Die bislang einzige Reaktion auf die gezeigten skandalösen Hygienemängel: Zusammen mit dem Franchisenehmer will Burger King einen Aktionsplan entwickeln. Mitarbeiter wie Manager würden erneut intensiv trainiert, damit sich so etwas nicht wiederholt. Konkrete Fragen von T-Online.de - etwa, ob auch eine Kündigung der Verträge mit der Yi-Ko Holding möglich sei - beantwortete Burger King nicht.

Bemerkenswert: Von der Burger King Inc. als Franchisegeber gibt es kein Dementi zu den im Bericht gezeigten Missständen. Ein Reporter hatte dort erlebt, dass zu lange gelagerte Tomaten einfach ein neues Etikett bekommen oder Mitarbeiter zwischen Toilettengang und Burgerzubereitung auf das Händewaschen verzichten. Und wer die Gewerkschaft beim Personal etablieren will, bekommt nicht selten Probleme mit einem Anwalt.
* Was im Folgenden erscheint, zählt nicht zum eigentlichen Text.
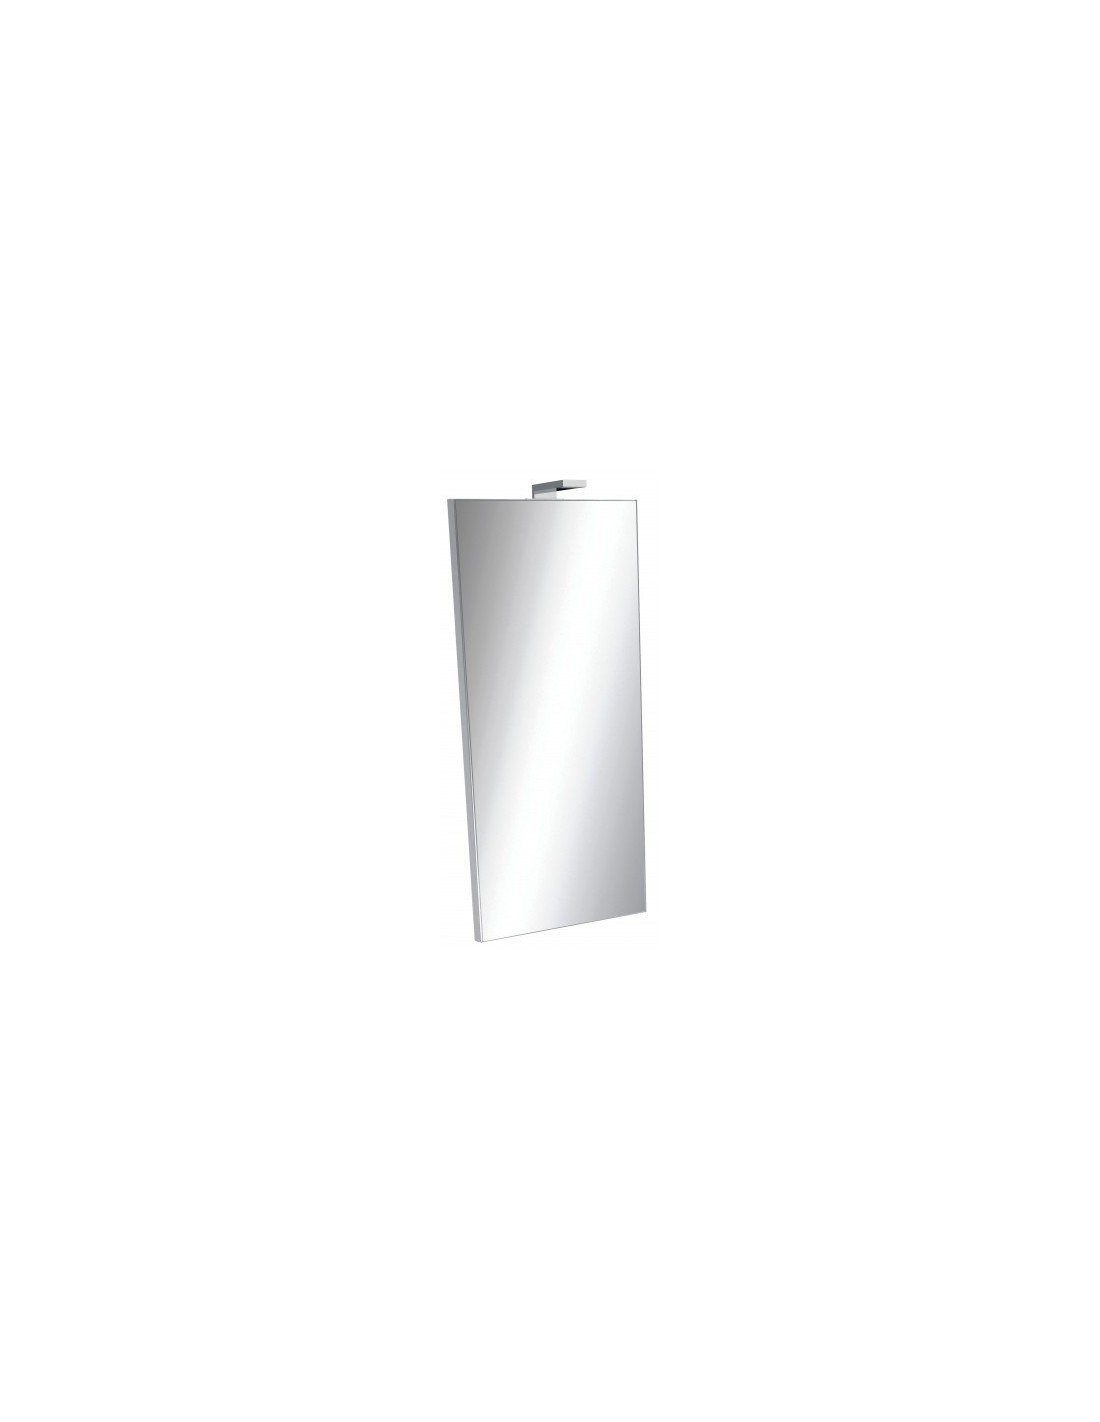 armoire de toilette d 39 angle odeon up jacob delafon. Black Bedroom Furniture Sets. Home Design Ideas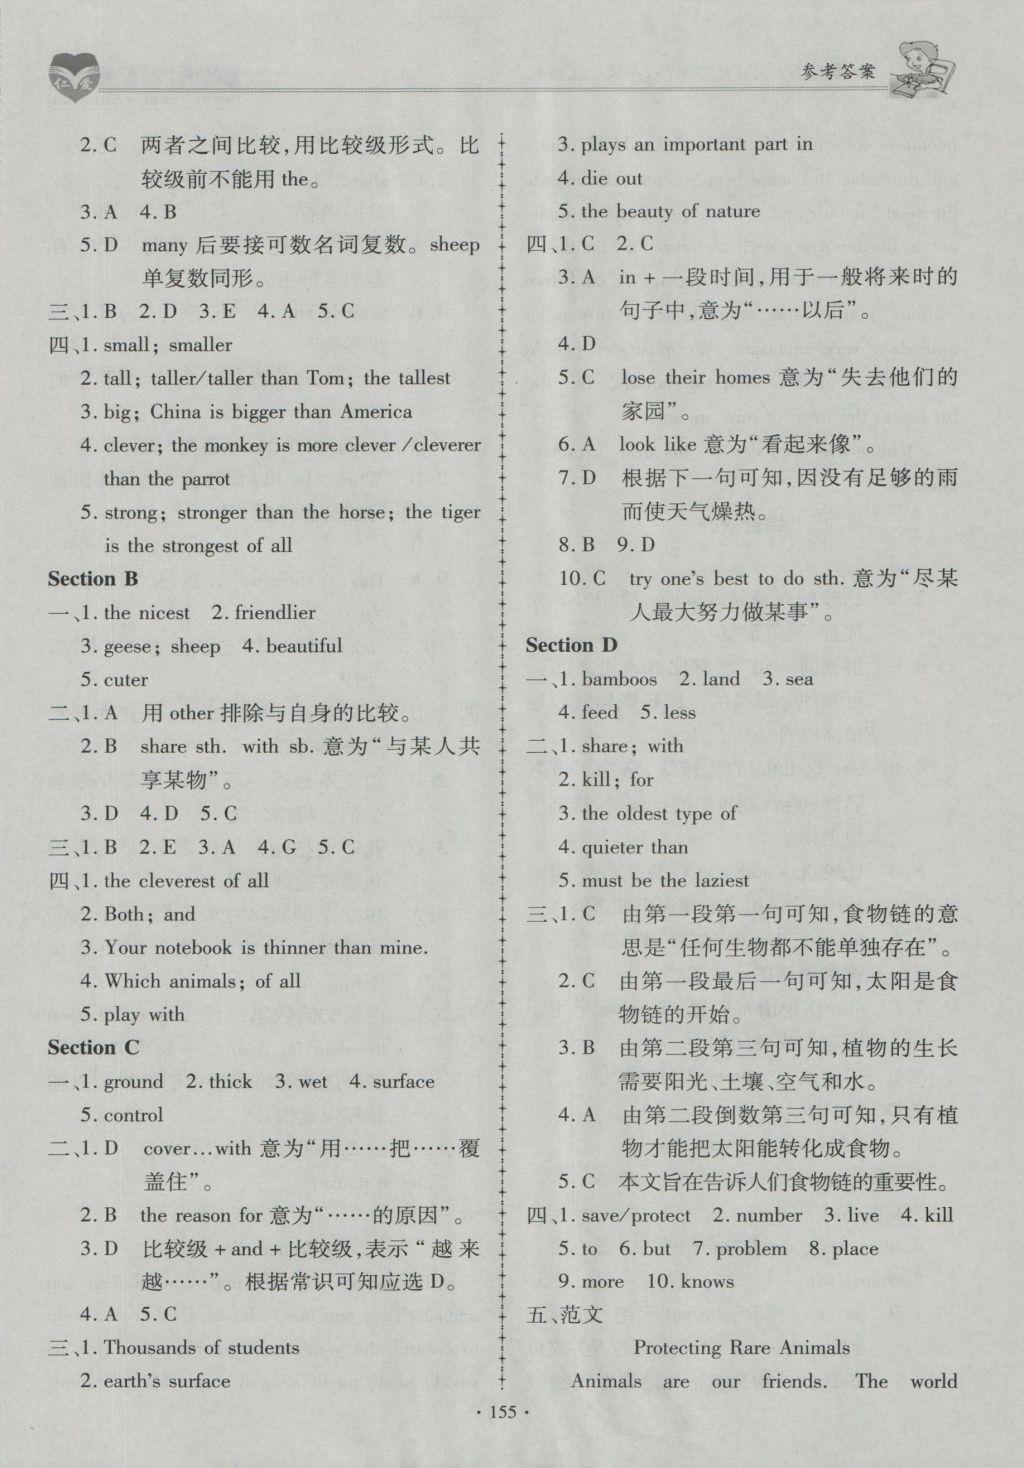 2016年仁爱英语同步练习册八年级上册E参考答案第25页

"Vorwürfe sind sehr beunruhigend"

Die Recherchen, die der Enthüllungsjournalist Günter Wallraff begleitet hat, beziehen sich ausschließlich auf Restaurants der Yi-Ko Holding GmbH. Sie betreibt 90 der deutschlandweit rund 700 Filialen und fiel schon mehrmals durch höchst fragwürdiges Management auf. "Bei der Burger King GmbH handelt es sich um eine selbständige sowie von BURGER KING rechtlich und wirtschaftlich unabhängige Franchisenehmerin (...). Die Vorwürfe aus diesem Beitrag sind sehr beunruhigend, weswegen diese Angelegenheit für uns von höchster Bedeutung ist und wir diese mit absoluter Dringlichkeit bearbeiten."

Was im Beitrag zu sehen sei, stelle eine "Verletzung unserer Unternehmenswerte dar und widersprechen jeglichen Verpflichtungen, denen wir uns im Bezug auf Lebensmittelsicherheit und Produktqualität in unseren Restaurants verschrieben haben." Dafür gebe es "keinerlei Toleranz oder Akzeptanz". Was RTL zu sehen bekam, spiegele nicht "das Verhalten und das Engagement unserer Franchisenehmer rund um den Globus wider."